Additional Supervisors: Prof Sameer M Zuberi & Prof Andreas Brunklaus [University of Glasgow]


The SYNGAP1 gene encodes a powerful regulator of neuronal synaptic connectivity. SYNGAP1 pathogenic mutations are an important predictor of neurodevelopmental disorders, intellectual disability and epilepsy3. Approximately 8000 people in the UK are thought to be affected. Epilepsy occurs in 90% of SYNGAP1 patients, with absence seizures being the most common epilepsy type diagnosed. Unfortunately, absence seizures in SYNGAP1 cases are not controlled by anti seizure drugs in 60% of cases. In addition, SYNGAP1 disorder is classified as an epileptic encephalopathy, in which cognitive and behavioural deficits are thought to worsen with uncontrolled seizures. Therefore, there is a critical need to develop novel therapeutic strategies that block seizures in patients with SYNGAP1 haploinsufficiency.

Electrical stimulation within the brain, or deep brain stimulation (DBS), is an approved treatment for intractable epilepsies. Nonetheless, it has not been tested in genetic epilepsies such as SYNGAP1 or to treat absence seizures. Furthermore, DBS could be significantly optimized as stimulation parameters such as the strength, frequency and duration of each electrical pulse are often chosen without clear rationale. In the main clinical trial leading to DBS approval for epilepsy, there was a 56% reduction in median seizures, although only 6 of 81 patients achieved total seizure freedom4. Thus, DBS could potentially stop seizures in SYNGAP1 disorder and stimulation parameters may be identifiable for maximum efficacy.

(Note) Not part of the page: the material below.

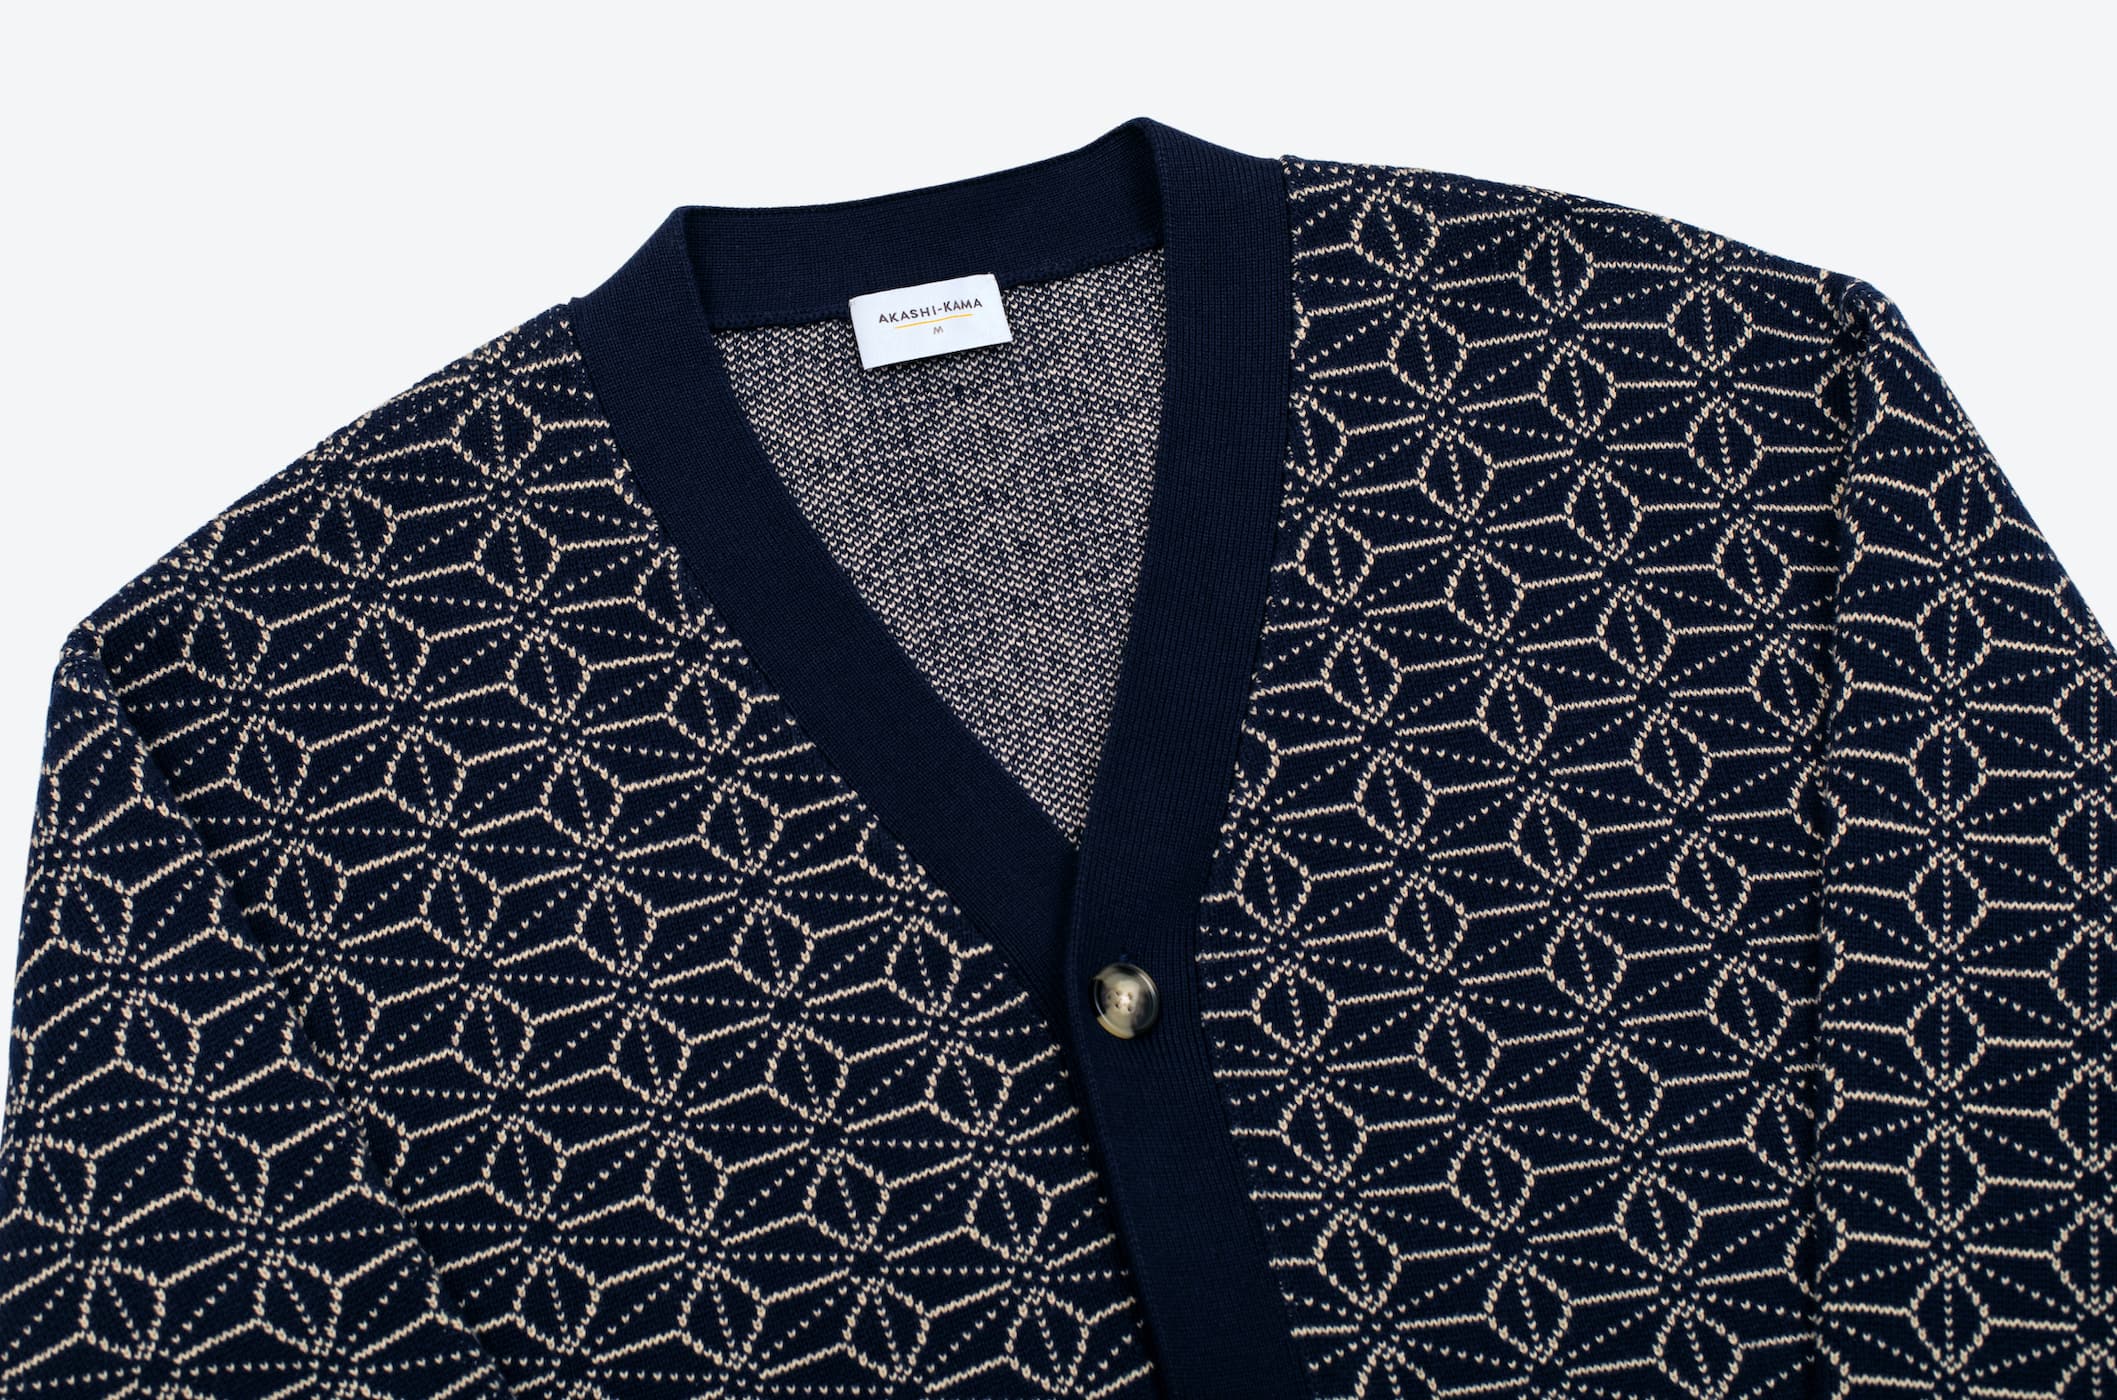 AKASHI-KAMA Japanese Pattern Knitwear | Asanoha Cardigan Indigo Sweater

To test this, the student will utilize a new rat model of SYNGAP1 disorder we recently reported on in which the critical GAP domain of the gene was deleted2. Animals heterozygous for the deletion (Syngap+/Δ-GAP) had cognitive, social, and sleep abnormalities, as well as decreased connectivity between EEG electrodes. Furthermore, Syngap+/Δ-GAP rats displayed a high rate of spontaneous absence seizures.

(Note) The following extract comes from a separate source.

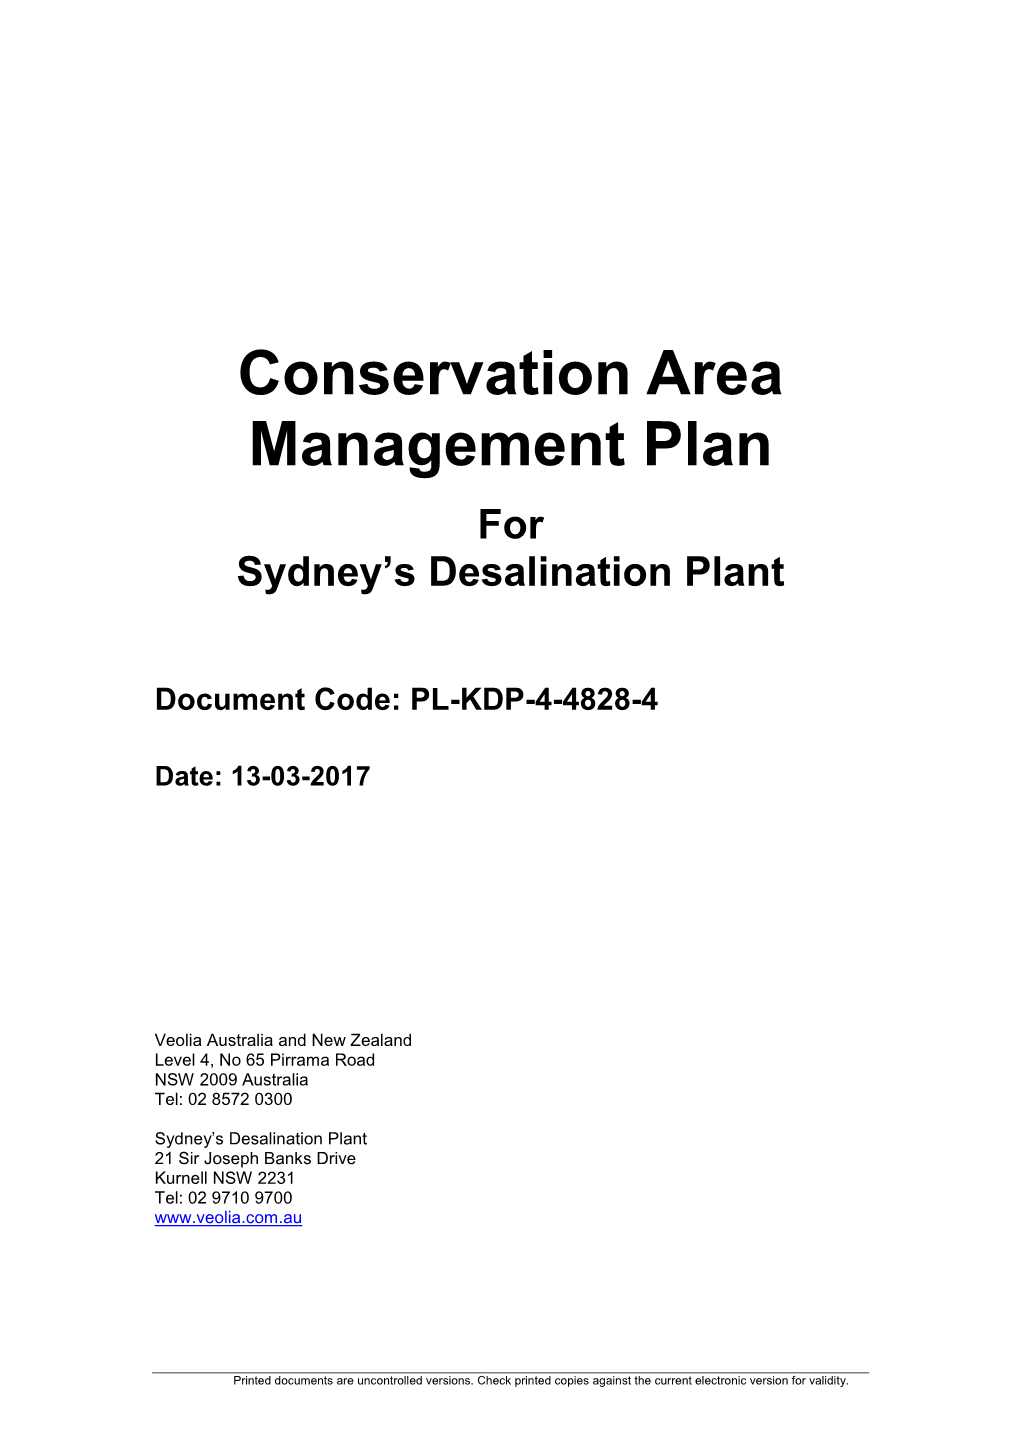 Conservation Area Management Plan

The student will determine whether DBS with optimized stimulation parameters could block seizures in Syngap+/Δ-GAP rats and test whether improved DBS could be beneficial in patients through the following aims:

1) Determination of optimized DBS parameters to block absence seizures in recordings from Syngap+/Δ-GAP rats. The student will analyse EEG and multi-site depth recordings from Syngap+/Δ-GAP rats available in the Gonzalez-Sulser lab from thalamo-cortical circuits thought to mediate absence seizures. The student will develop algorithms to estimate a low-dimensional representation of brain functional connectivity around seizure onset, which in combination with machine learning and network control theory, will be utilized to explore the stimulation parameter space.

2) Test whether optimized DBS can block absence seizures in Syngap+/Δ-GAP rats. The student will perform DBS in Syngap+/Δ-GAP rats with optimized parameters from aim 1, utilizing hardware previously established in the lab1, to determine DBS clinical potential.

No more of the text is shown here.